Risikofaktor für Parkinson identifiziert

Foto: DNA-Strang

Eine Veränderung der Gene kann
Parkinson auslösen; © SXC

Wissenschaftler des Helmholtz Zentrums München sowie der dortigen Technischen Universität und der Ludwig-Maximilians-Universität (LMU) haben Nervenzellen im Gehirn daraufhin untersucht, welche Gene sich bei einer Parkinson-Erkrankung in ihrer Aktivität verändern. Die Forscher fanden eine erhöhte Aktivität des Pyridoxalkinase-Gens. Anschließend verglichen sie dieses Gen bei über 1.200 Parkinson-Patienten mit der Erbinformation von mehr als 2.800 gesunden Probanden. So konnte eine genetische Variante entdeckt werden, die das Risiko erhöht, an Parkinson zu erkranken.

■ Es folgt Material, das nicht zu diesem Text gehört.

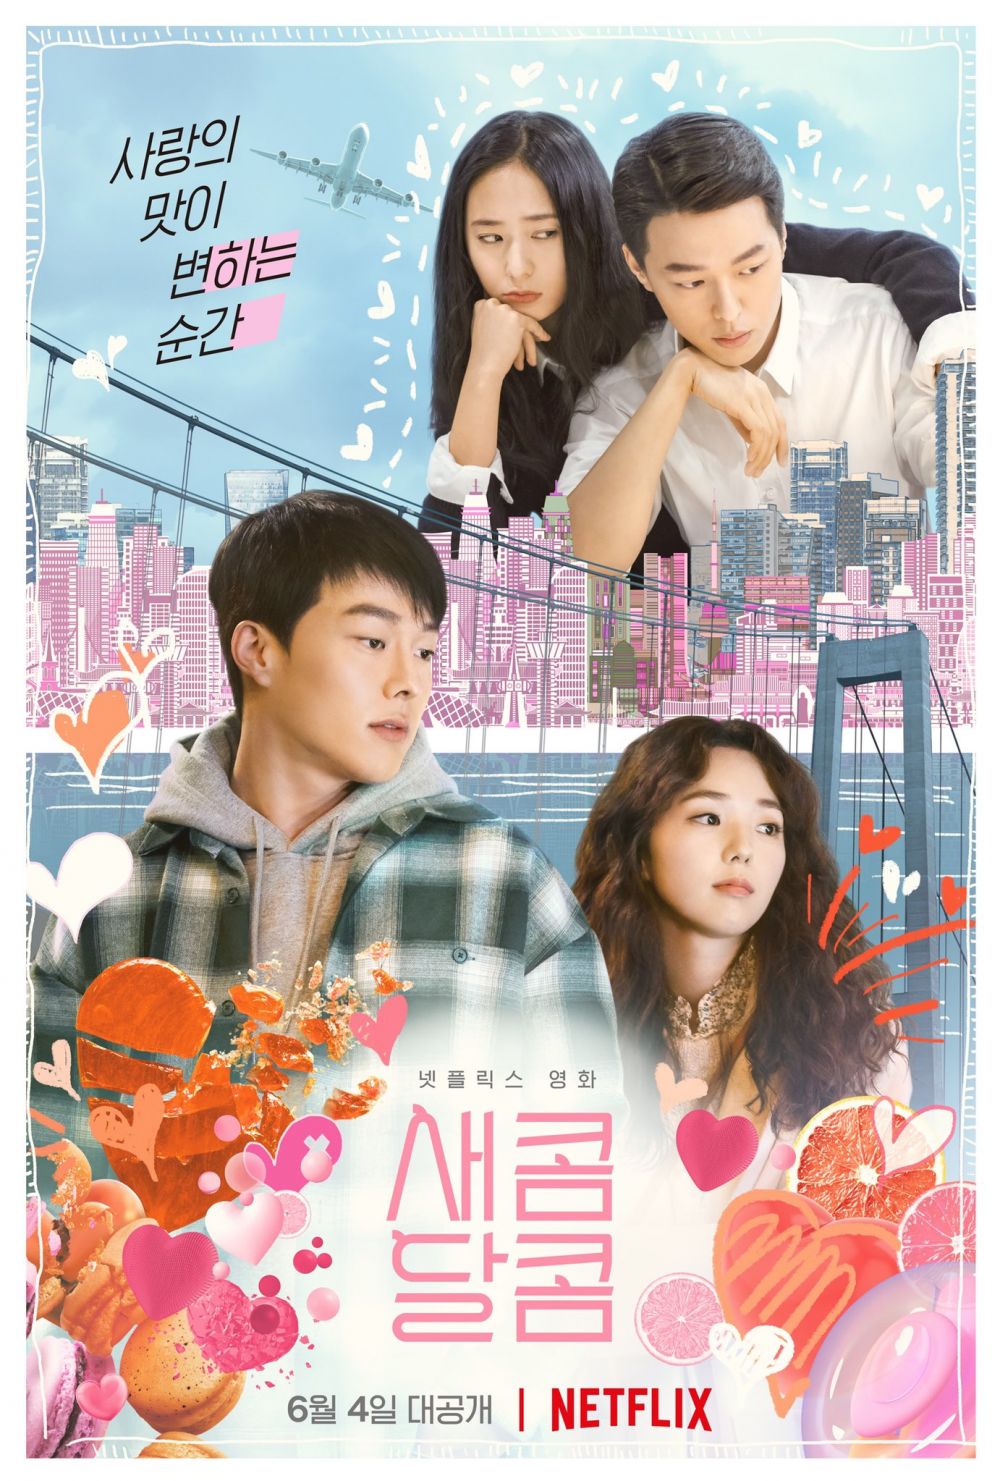 9 Film drama korea terbaik 2021, mulai kisah romantis hingga aksi
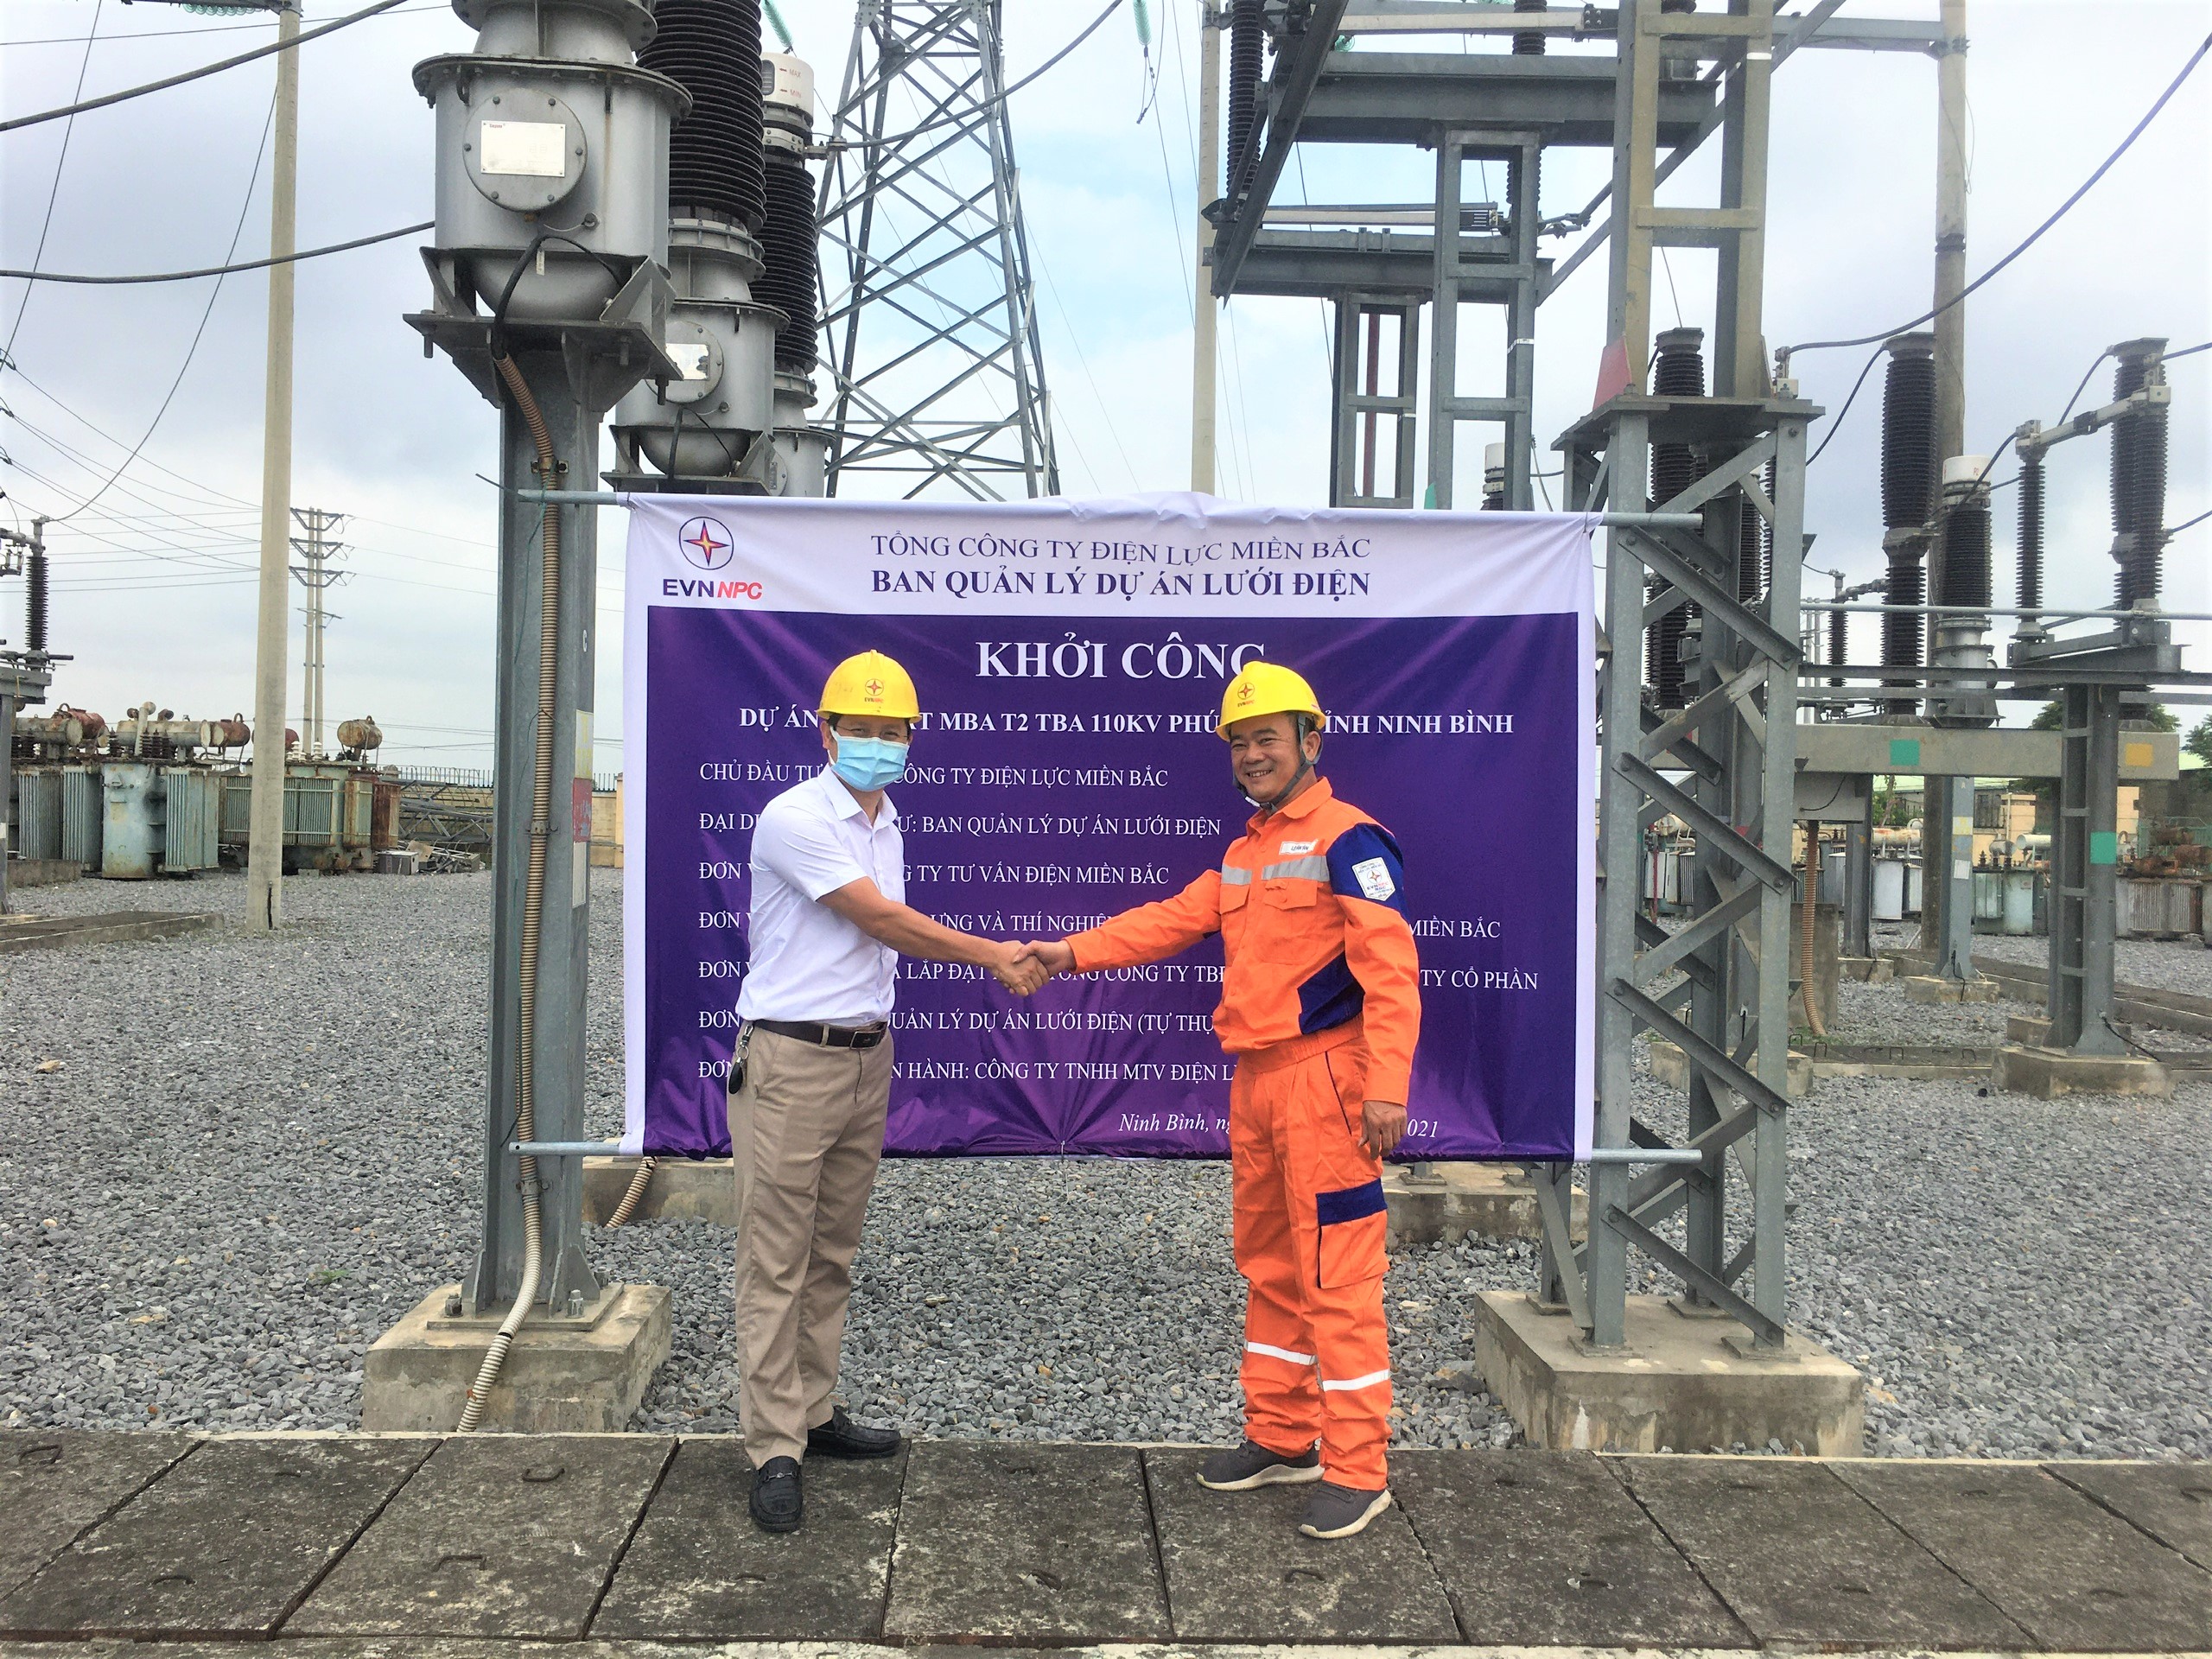 Dự án Lắp đặt MBA T2 TBA 110 kV Phúc Sơn, tỉnh Ninh Bình

Möglicherweise führt sie zu einer veränderten Menge oder Aktivität des Enzyms Pyridoxalkinase (PDXK) im Gehirn. Dabei ist die verwendete Methode der Expressionsanalyse aus Einzelneuronen richtungweisend und eröffnet in Kombination mit der genetischen Assoziationsanalyse neue Möglichkeiten zur Analyse genetischer Risikofaktoren.

PDXK wandelt Vitamin B6 aus der Nahrung in die im Körper aktive Form um, welche die Voraussetzung zur Produktion des Signalstoffs Dopamin ist. Für die Erkrankung wird das beschleunigte Altern und Absterben von Nervenzellen verantwortlich gemacht, die den Botenstoff Dopamin herstellen. Die verminderte Synthese des Botenstoffs erklärt die meisten Symptome des Morbus Parkinson: Die langsam fortschreitende neurologische Erkrankung geht mit Muskelstarre, Muskelzittern und einer Verlangsamung der Bewegungen einher.

Neben den Einschränkungen des täglichen Lebens durch diese Symptome kann eine verminderte Stabilität beim Aufrechthalten des Körpers zu gefährlichen Stürzen führen. Überdies können im Verlauf der Erkrankung Missempfindungen, sogenannte vegetative Störungen wie z.B. eine Blasenstörung sowie Depressionen und andere psychische Veränderungen auftreten.

"Unsere Studie zeigt das Zusammenspiel von erblichen Faktoren und Umwelteinflüssen wie zum Beispiel Nahrungsgewohnheiten bei der Entstehung des Morbus Parkinson“, erklärt Erstautor der Studie, Doktor Matthias Elstner.